### ASSIGNED TASK
Everything in the listing that follows should be reproduced exactly except the pictures.

### INFORMATION SHOWN

►

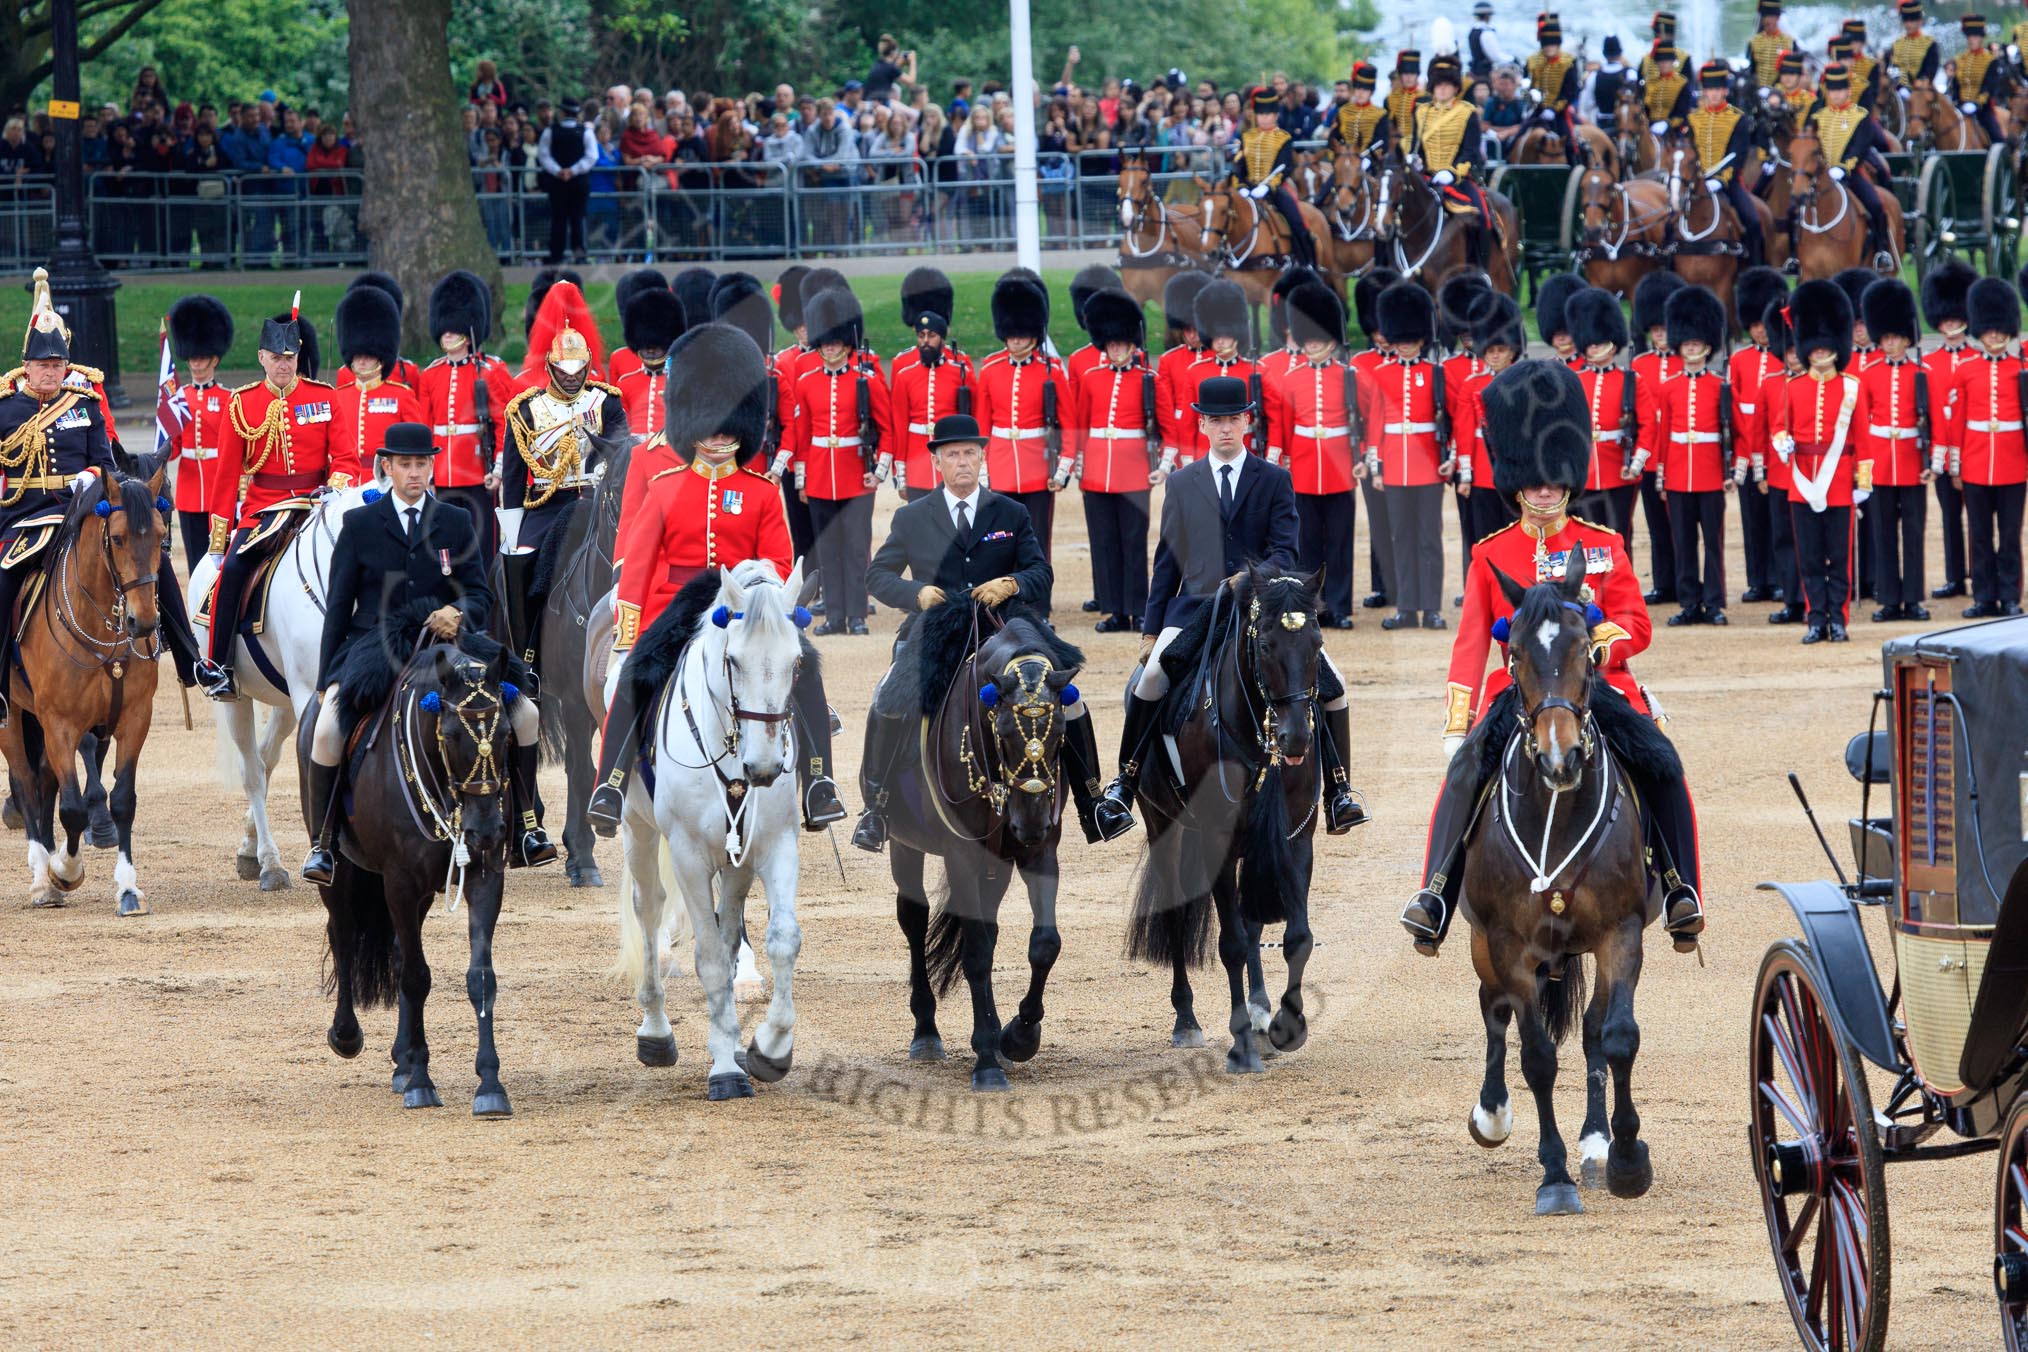 during The Colonel's Review {iptcyear4} (final rehearsal for Trooping the Colour, The Queen's Birthday Parade)  at Horse Guards Parade, Westminster, London, 2 June 2018, 11:05.
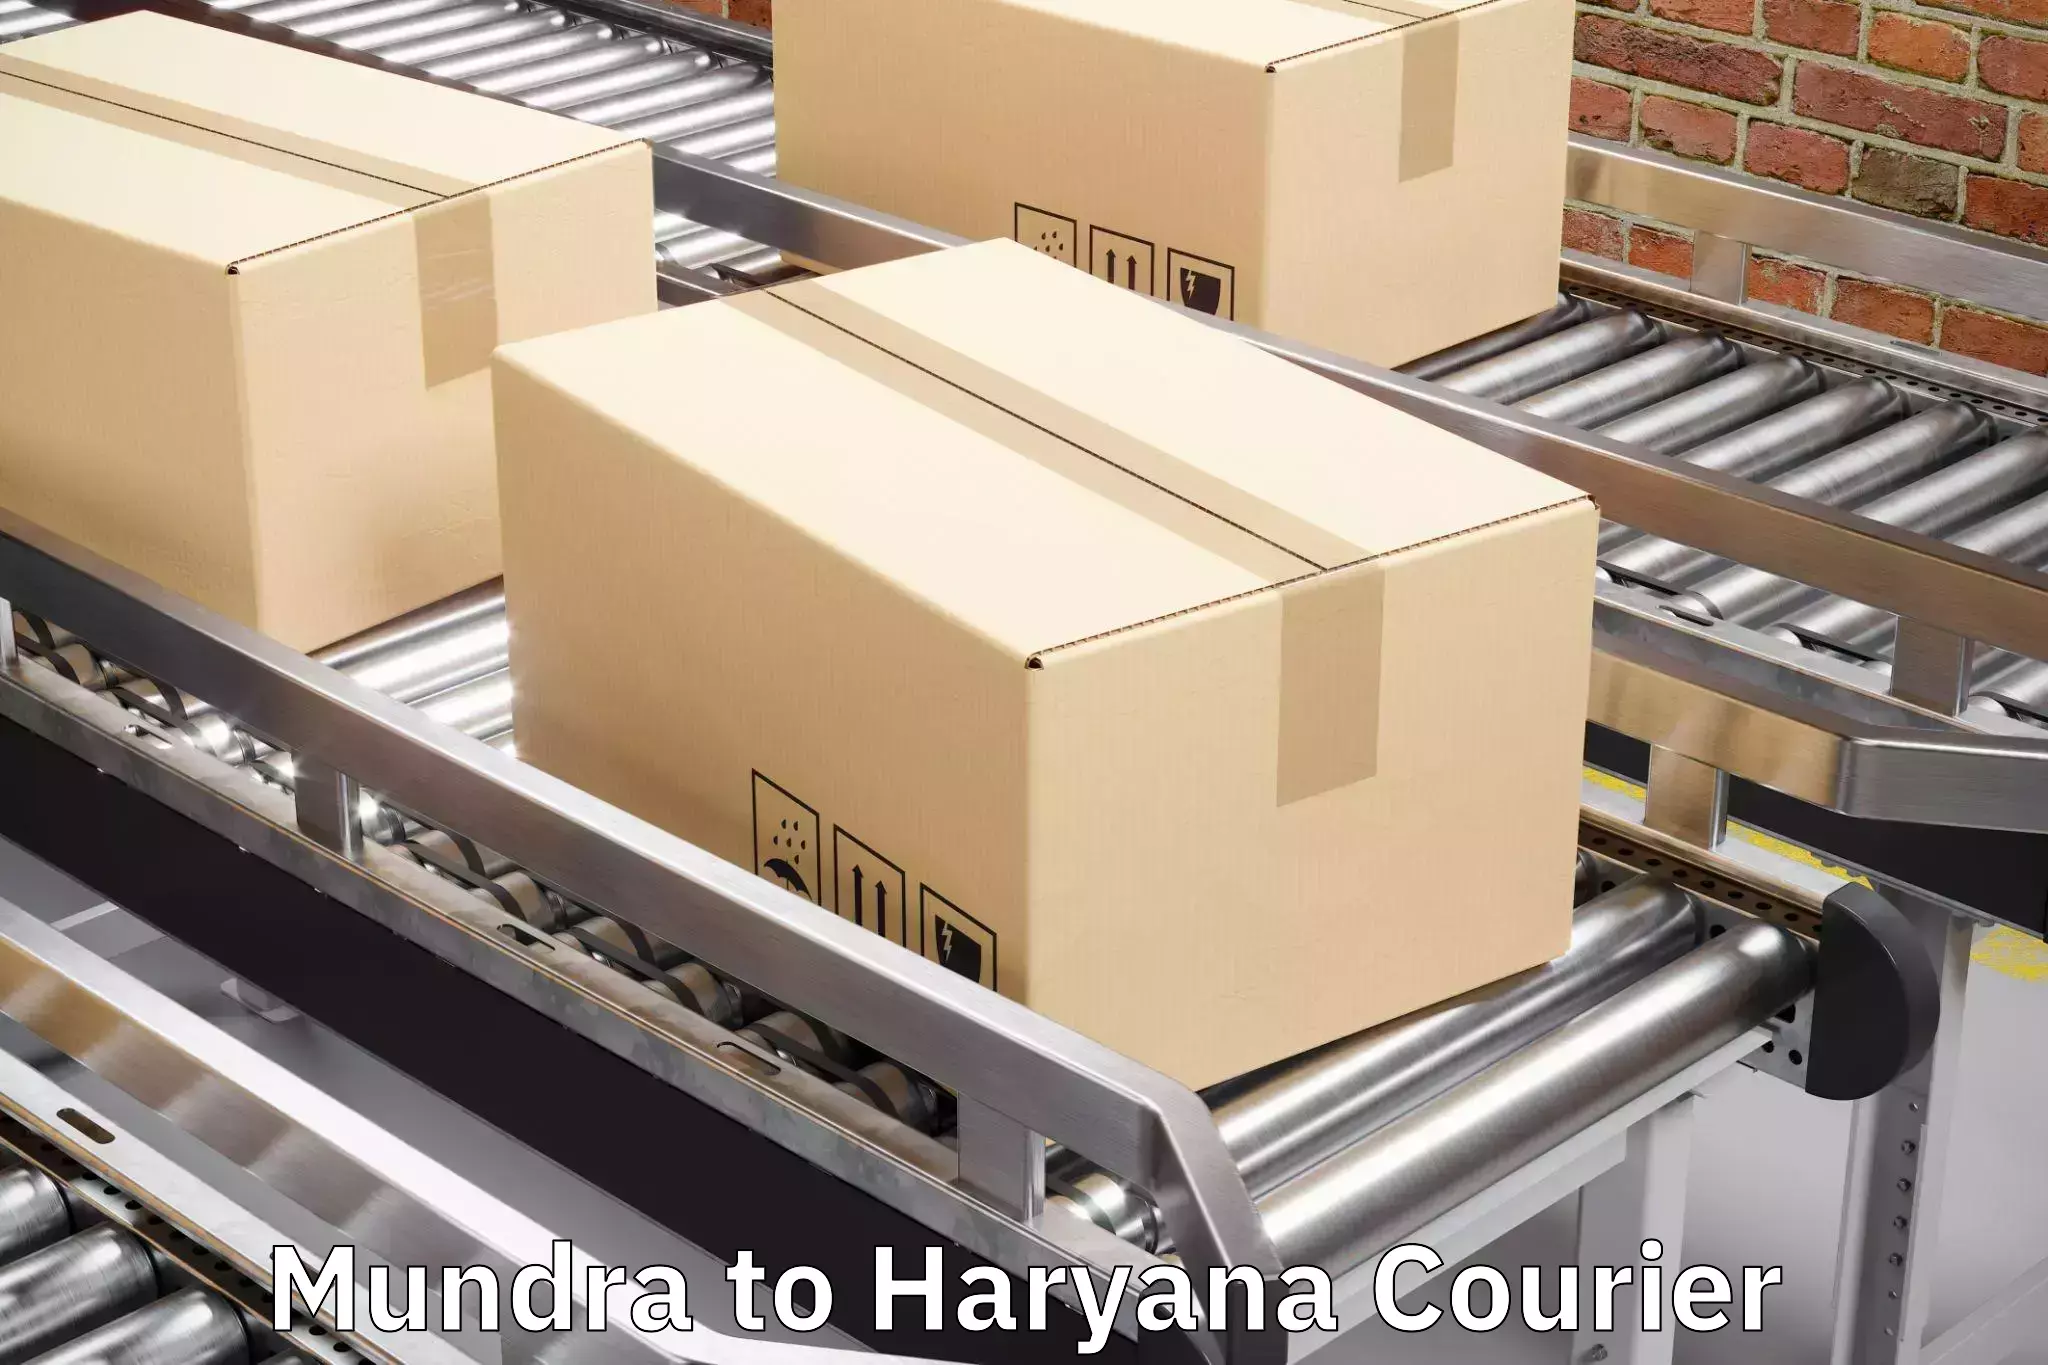 Luggage delivery system Mundra to Gurugram
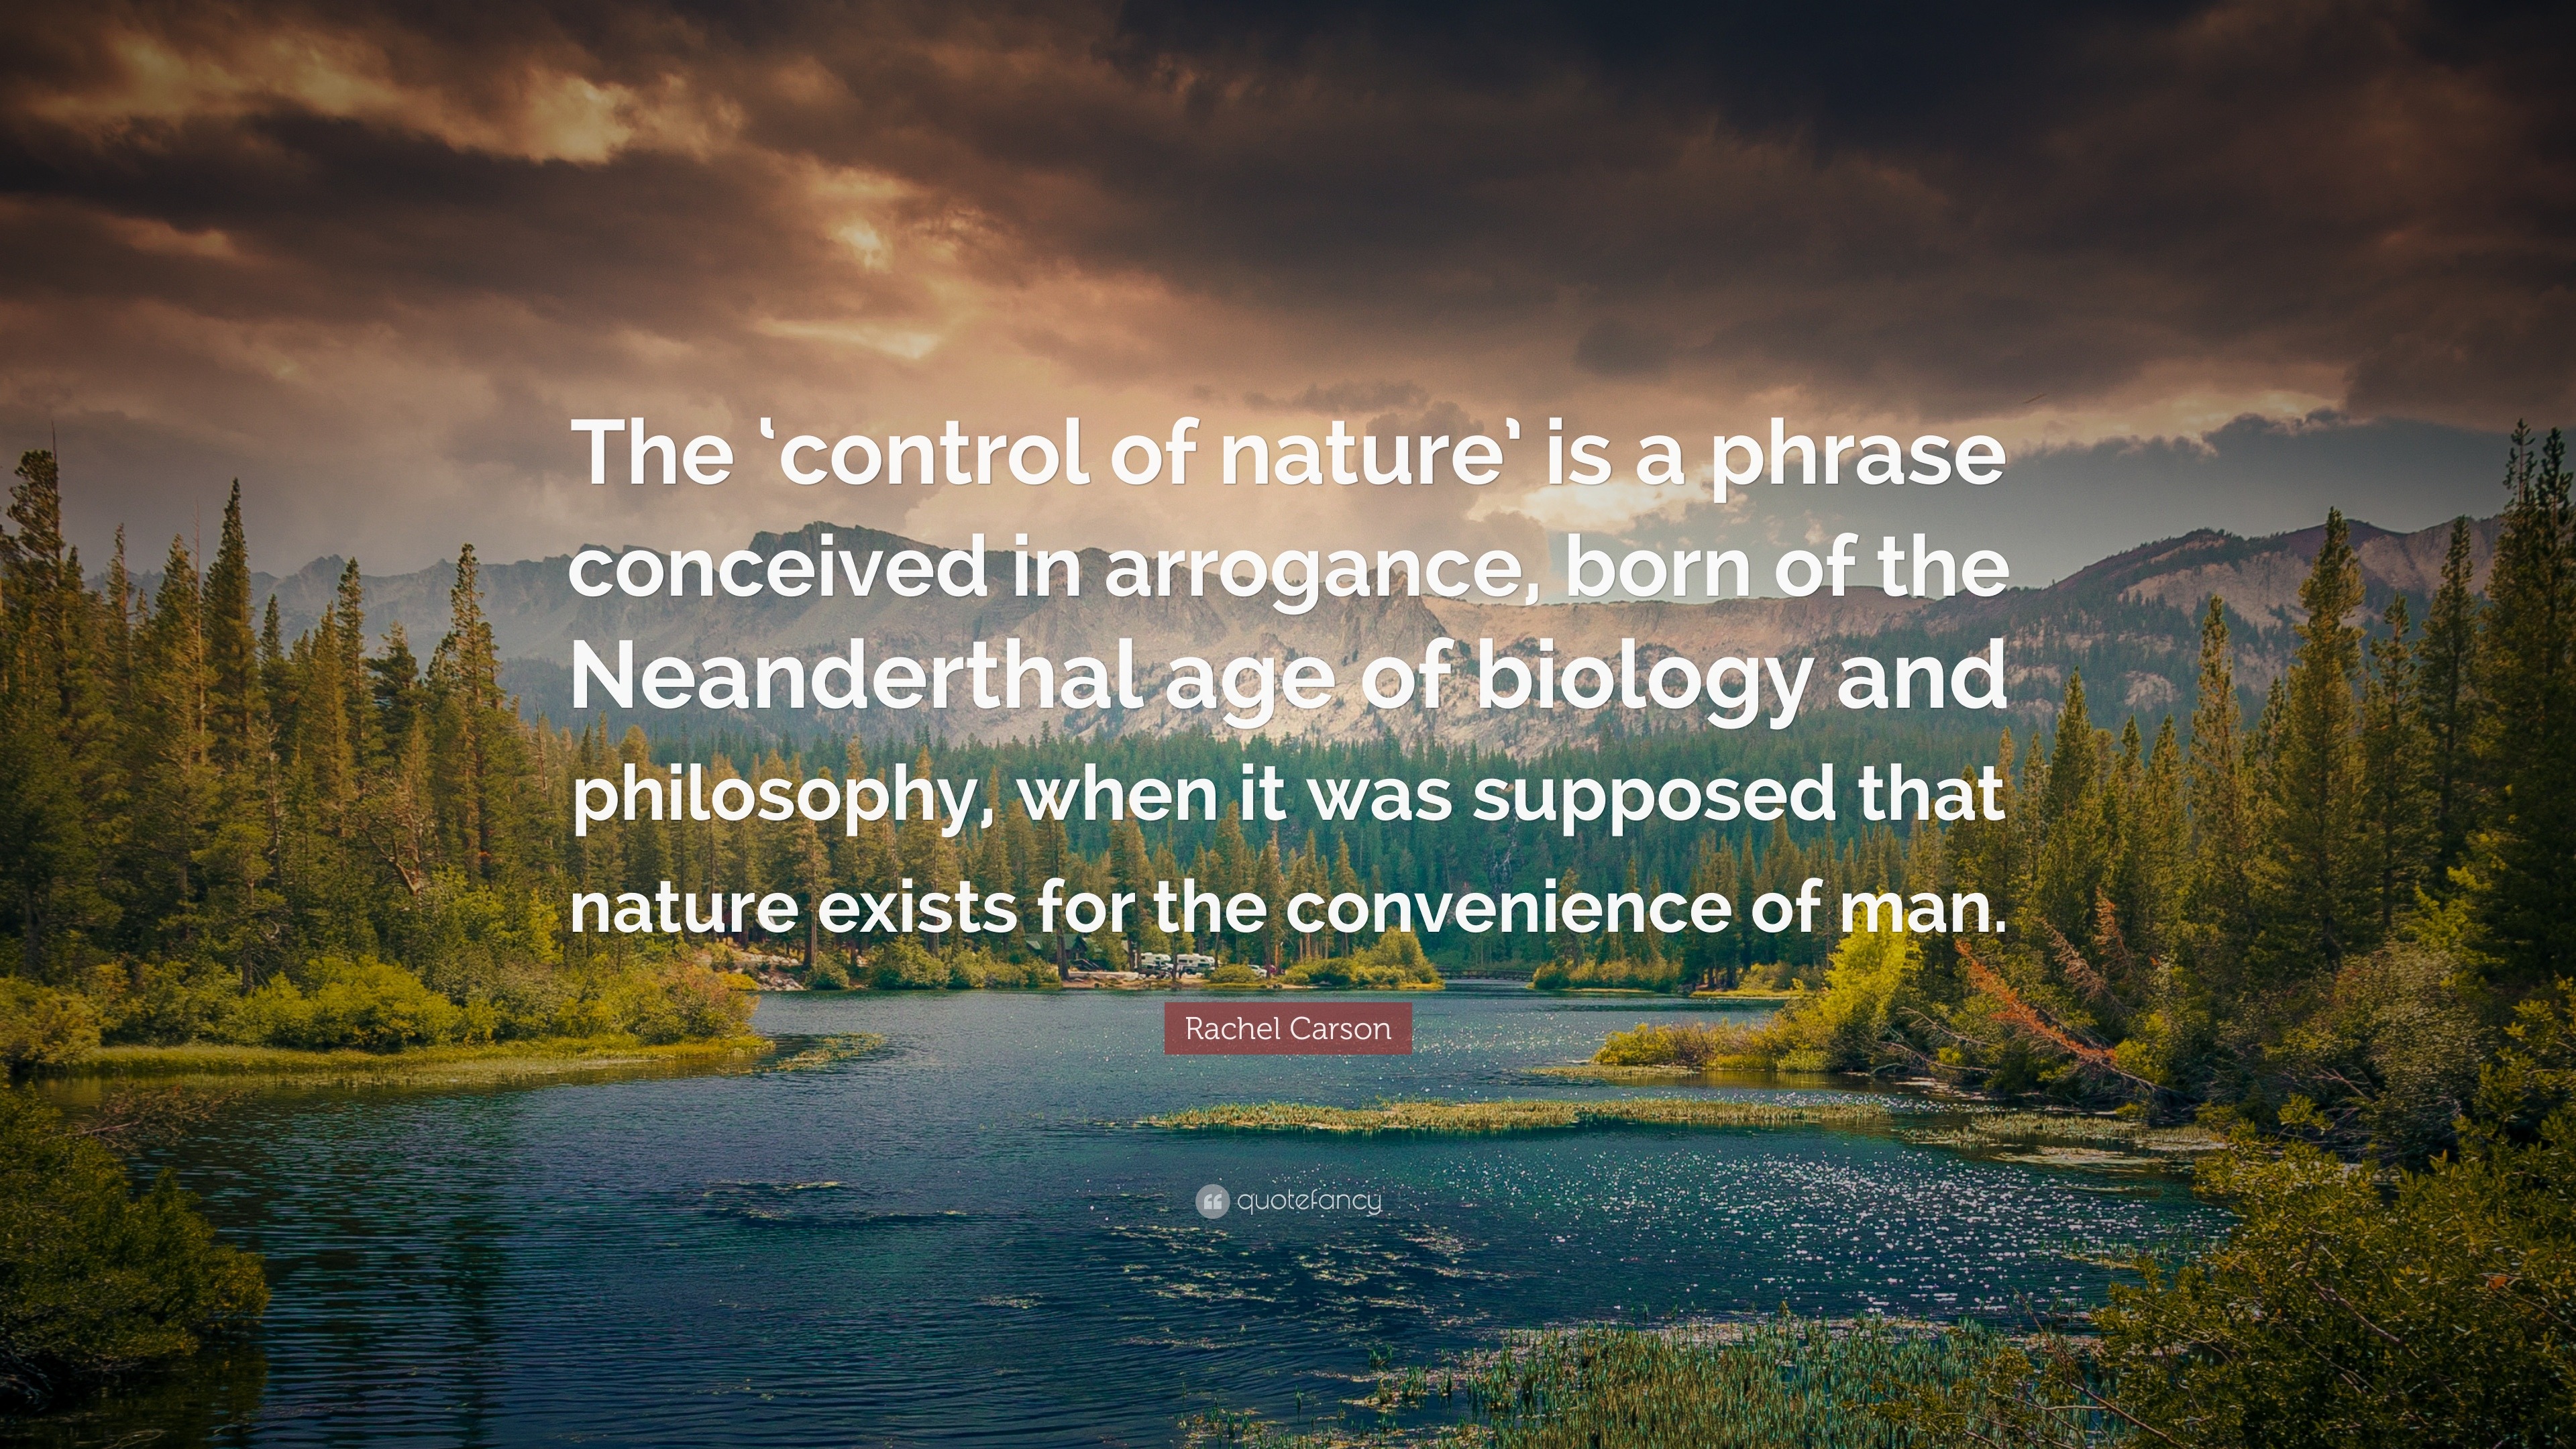 Rachel Carson Quote: “The ‘control of nature’ is a phrase conceived in

◄

### OUTPUT OF THE TASK
 during The Colonel's Review {iptcyear4} (final rehearsal for Trooping the Colour, The Queen's Birthday Parade)  at Horse Guards Parade, Westminster, London, 2 June 2018, 11:05.
 Luggage delivery system Mundra to Gurugram
 Rachel Carson Quote: “The ‘control of nature’ is a phrase conceived in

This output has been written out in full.